I live in North Kent. We used to have hundreds of Curlew in the creek. All gone now!
Great video. So glad farmers are cooperating!
Brilliant, love stuff like this 👍🏻
Great work ppl ❤
Excellent film. Excellent work. Well done for creating the film. Good luck with your amazing curlew conservation efforts.
Watching this on Christmas Day and with so many emotions not merely for people I fondly remember who have since passed, but also for the Curlews. I’m glad somebody owned up and spoke about the predator issues facing them and some of the solutions that are currently available. Intriguingly in my own studies predatory bird numbers and their biomass effects fluctuate widely through the season. Representative predatory population counts vary from as low as 5 per cent to 26 per cent throughout the year. Bear in mind I’m not counting every single Rook or Jackdaw, I merely mark them as a present and allocate a one to such birds. So many hungry mouths, claws and teeth to rob them of their young, but never a clear-cut one fits all conservation approach. Happy Christmas and thanks for a wonderful film.
I Love Curlews too. I lived on the Thames at Tilbury and as a kid I was a bird watcher and it was one of the high-lights of going out birdwatching. Thankfully there seems to be more around these days than there were back then?

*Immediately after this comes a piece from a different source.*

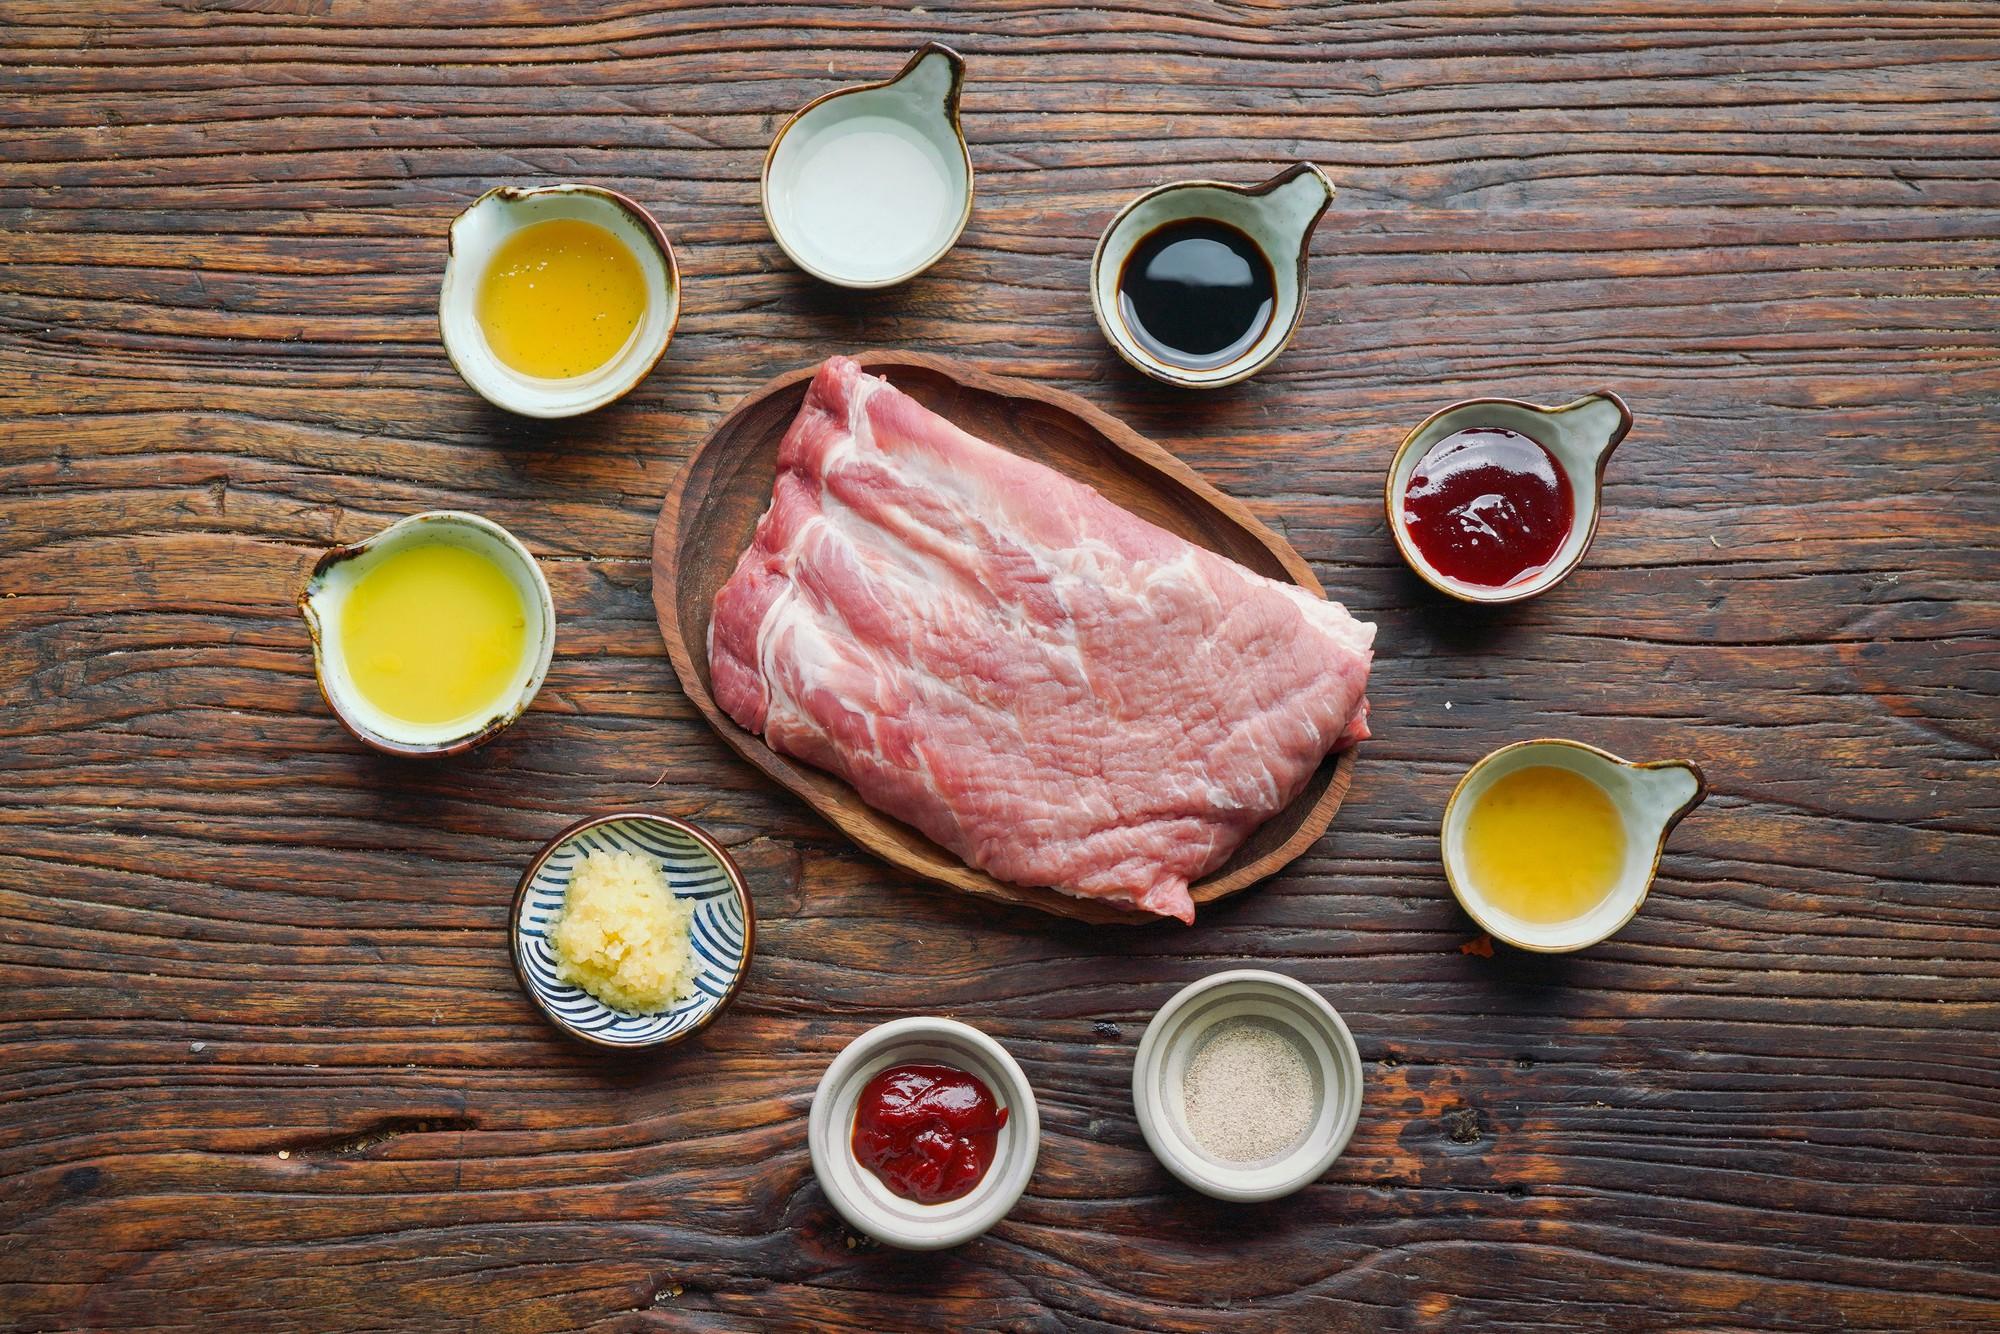 Món ngon cuối tuần: Sườn non nướng thơm lừng bổ dưỡng

Sadly there are a lot fewer, down by 50% in past 25 years. Many of their breeding and wintering sites are under some sort of threat so we need to do all we can to help them. Best wishes.
Wonderful piece. Love to see projects like these succeed for such an iconic species. Best wishes on all your recovery efforts
Thank you for your work. Might want to concentrate making the improved area a lot bigger, more food supply will certainly mean more birds. Get the farmers to do some fox removal.
the foxes have a place also and are key to the environmental health of the area. the effects of a species can be much more far reaching then its immediate interactions. learn ecology mate
youve magpies crow s badges foxes even hedge hogs you have to strike balance
Can you not take one egg from each nest and hatch it in an incubator? Then raise the chicks til they can fly and let them go.
some projects do this - 'head-starting', can make a contribution - but our approach is to give the birds the best chance of succeeding with the minumum level of intervention.
@@upperthameswadergroup5665 you have to step in before the gene pool degrades but accourding to my counts that has already occurred with the pop below 200
why not collect the eggs like they do with the crocks in florida raise them up tilll they can fly then let them go in the place they were collected at least till you have a stable pop.
I can't see how electric fences are 'natural habitat'. I want to feel positive about these good people's efforts but surely the clue lies in that canalised river. In nature it would have spread out and meandered creating damp, reed-bedded environments. Then, ground nesting birds perhaps would stand a chance without human intervention possibly.?
In England, Curlews are usually associated with habitats managed by man and have been able to adapt to breed in meadows and pasture along the Thames. The fencing is effective but hopefully only needed while the population recovers.